33MHz-i486 3 days ago

the really dumb thing about working at AWS is they pay so much lip service to Ops, literally you can spend a third of a week in meetings talking about Ops Issues, but not a single long term project to improve the deeper architectural problems that cause bad Ops ever get funded.

jp57 4 days ago

> Sorry for an obligatory: there is no such thing as a root cause.

While I get what you mean, I think most people who've been in the situation know what I'm talking about. The same alarms are going off constantly and you keep doing the expedient thing to make them stop going off without investing any effort into stopping them from going off again in the same situation in the future.

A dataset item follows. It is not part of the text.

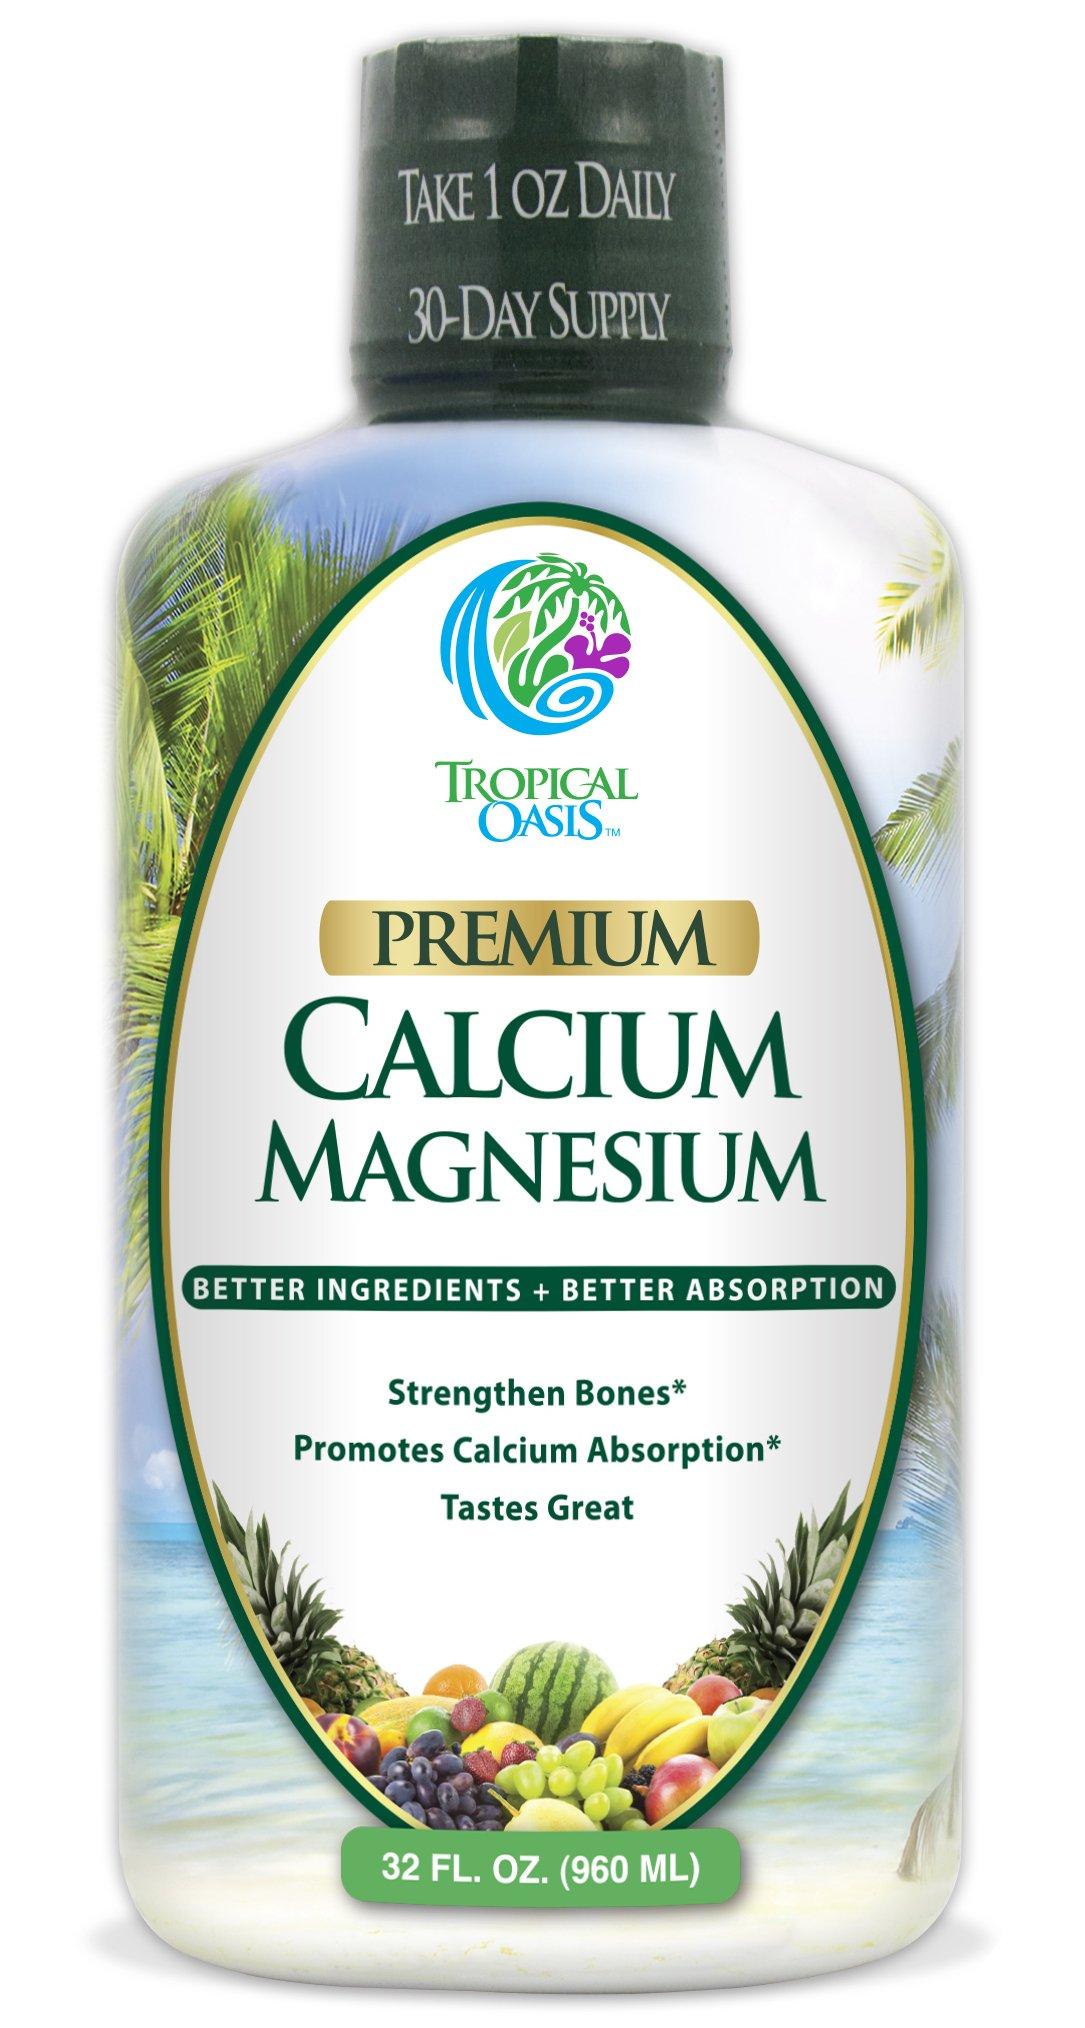 Tropical Oasis Liquid Calcium & Magnesium - Natural formula w/ support for strong bones - Liquid vitamins w/ calcium, magnesium & vitamin D - Up to 96% absorption by the body. - 32oz, 64 Serv.

Of course there is a chain of causes, and maybe you need to refactor a module, or maybe you need to redesign an interface, or maybe you need to throw the whole thing away and start over -- we did all those things in different situations while I was there -- but there's a point at which looking at deeper causes loses value because those causes are not in our power to fix and we're left to defend against those failures: a system we rely on is unreliable; machines and networks go down unexpectedly; a lot of people have poor reading comprehension so even good docs are sometimes useless; we are all sinners whose pride and sloth sometimes leads us to make crappy software and systems; etc.